Britain's race relations chief Trevor Phillips was attacked by politicians, community leaders and commentators yesterday after he called for the country to abandon its attempts to be more multicultural. In a newspaper interview the head of the Commission for Racial Equality said that 'multiculturalism suggests separateness' and added that the UK should strive towards a more homogeneous culture with 'common values ... the common currency of the English language, honouring the culture of these islands, like Shakespeare and Dickens'.

The interesting thing is that the man who said this was not actually lynched, or at least not by the time of this writing.

* * *

Meanwhile, in the US, the engines of social deconstruction grind on. There is, for instance, a serious move afoot to allow non-citizen aliens to vote in New York City elections:

A stumbling block was removed this year when lawyers for the City Council reviewed state election law and decided that the city could alter its voting statutes without the approval of the State Legislature, where noncitizen voting measures were introduced without success three times during the 1990's...

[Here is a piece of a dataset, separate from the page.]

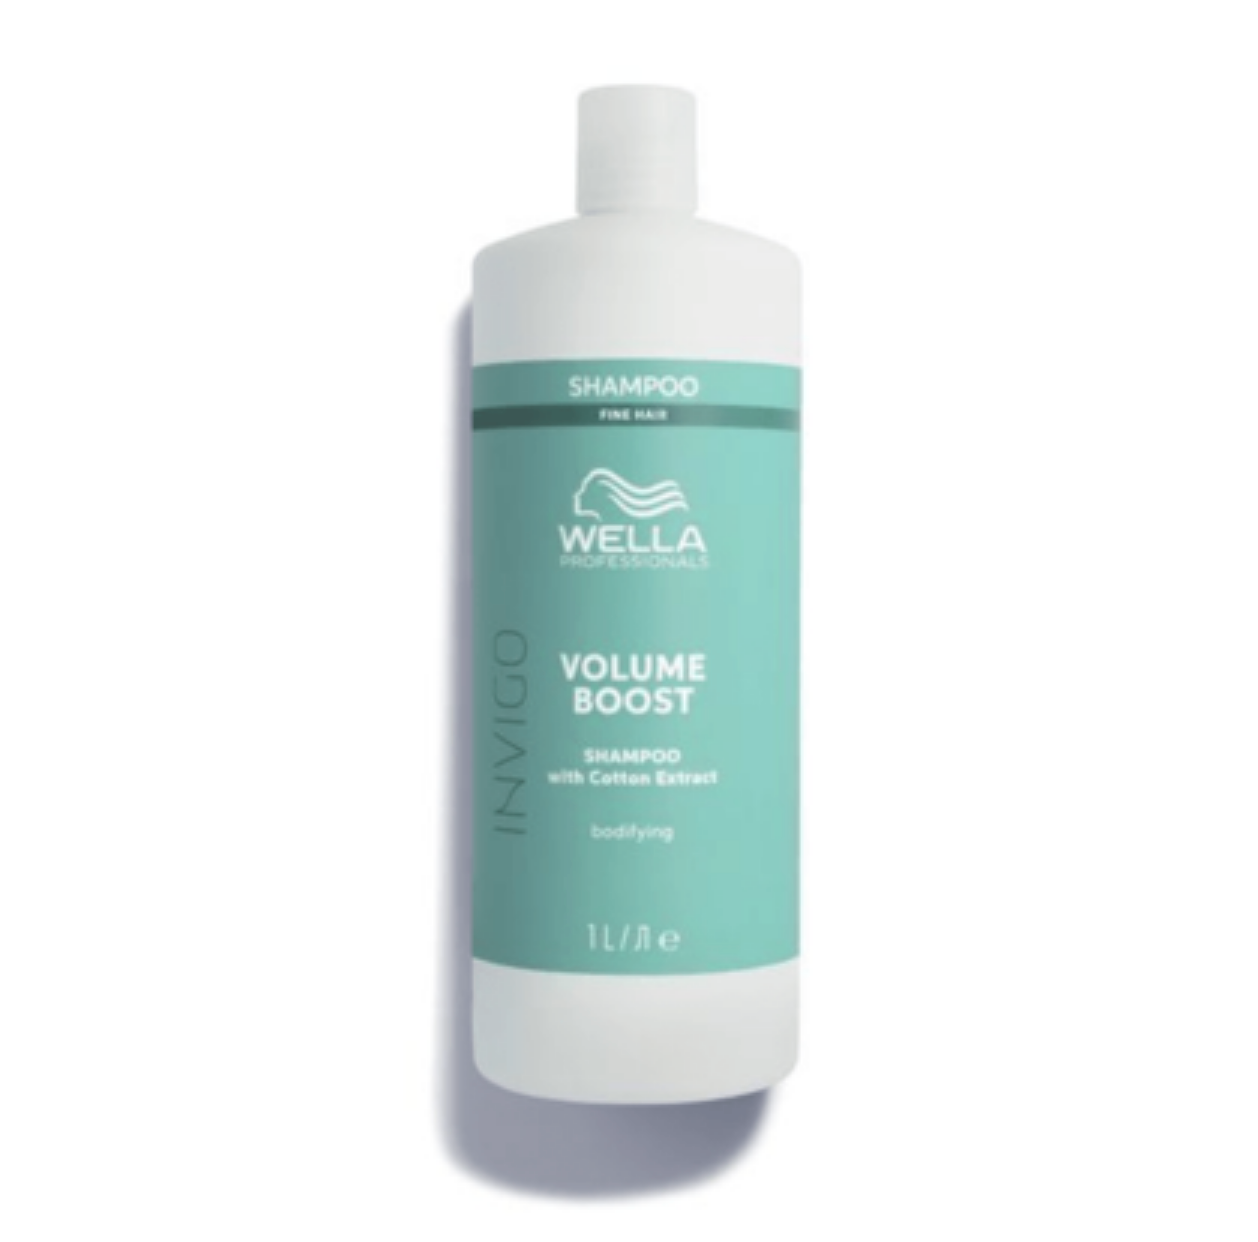 Wella Invigo Volume Boost Shampoo 1litre

"In many ways, this prepares people," said Gouri Sadhwani, the executive director of the New York Civic Participation Project, one of the groups pressing the issue. "They start local, and then they become citizens and vote in national elections."

That last comment is, of course, simply wrong. An alien franchise would not prepare resident aliens for participation in national life. It would make it possible for them to forgo participation in national life entirely. It would be fatal to assimilation, since the local institutions that have traditionally Americanized immigrants would be controlled in part by people with no interest in assimilation. For three decades, the opponents of assimilation have busied themselves institutionalizing multiculturalism. Except for the scandal of bilingual education, these efforts have for the most part been harmless rackets. We can no longer take that attitude, however. Multiculturalism has become a national security threat.

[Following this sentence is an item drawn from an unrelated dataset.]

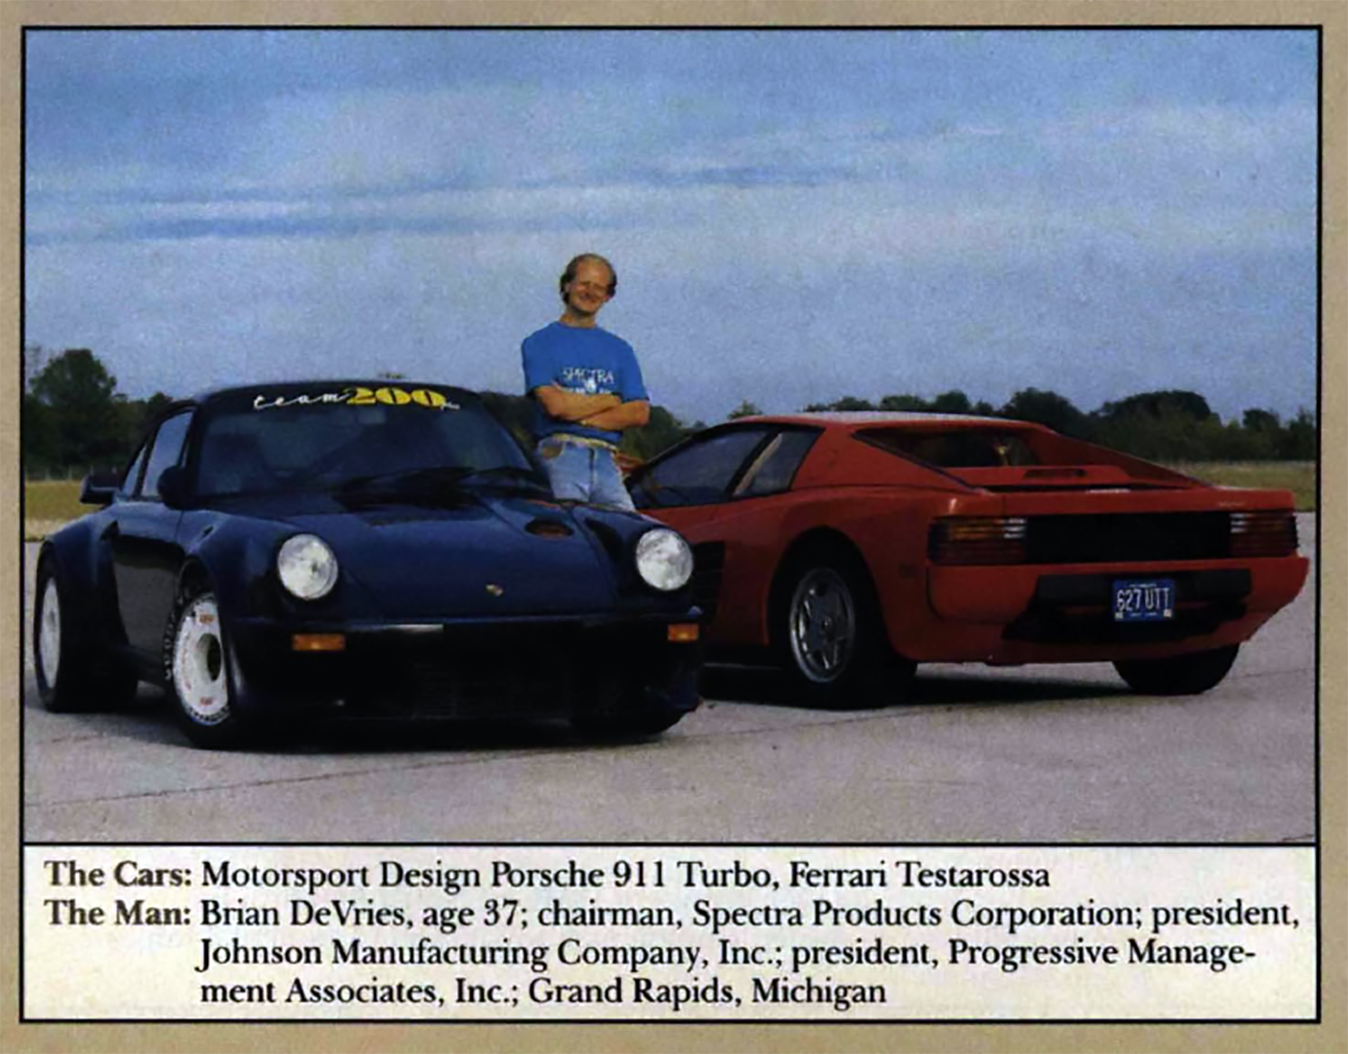 売り切れ必至 1987 1 25 Mpc ダッジ モナコ フィギュア付属 好評販売中 ジョーカー ジョーカー ゲッタウェイカー その他おもちゃ Viktorsports Com

New York City politics is a universe unto itself; though I live just across the Hudson, I cannot gauge what chance this measure has. If it became the law in New York City, it would quickly become a national issue. Once that happens, America as a whole will shout it down. If the state government does not forbid alien voting, then Congress will. The text of the Constitution may suggest that this sort of thing is a state matter, but the area of voting rights has been federalized so extensively that such an objection can no longer stand. God help the Supreme Court if it finds otherwise.

* * *

The citizenship issue could follow a trajectory like that of the gay-marriage campaign: both involve basic institutions that were being successfully undermined, until the underminers broke into daylight. It is, perhaps, no accident that the most honest proposal to abolish marriage also comes from New York City:

The same-sex marriage controversy took a new and dramatic turn [in early April] as one of the state Legislature's few openly gay members proposed abolishing marriage altogether in New York. Assemblywoman Deborah Glick (D-Manhattan) said she would introduce legislation today to remove all references to marriage from the state Domestic Relations Law and replace them with the term "civil unions."

This is the direction in which progressive family law has been moving for years. The program has been effectively implemented in parts of Europe, the dying continent. It's more a symptom than a cause of morbidity, but it does make recovery more difficult.

* * *

Speaking of Good Friday, I was greatly surprised to see that expert opinion on the Shroud of Turin has undergone another revolution. According to the PBS series Secrets of the Dead, the Shroud probably is a first-century Palestinian artifact. That unpleasantness with the radio-carbon dating a few years ago was the consequence of choosing a dirty corner to test.

I would still want to see another carbon-14 test on the Shroud. I also want to see a test on the Sudarium, another supposed piece of burial clothes. It has stains that allegedly match those on the Shroud, and it is reliably known to be at least as old as the eighth century.

In any case, the question now appears in a different light.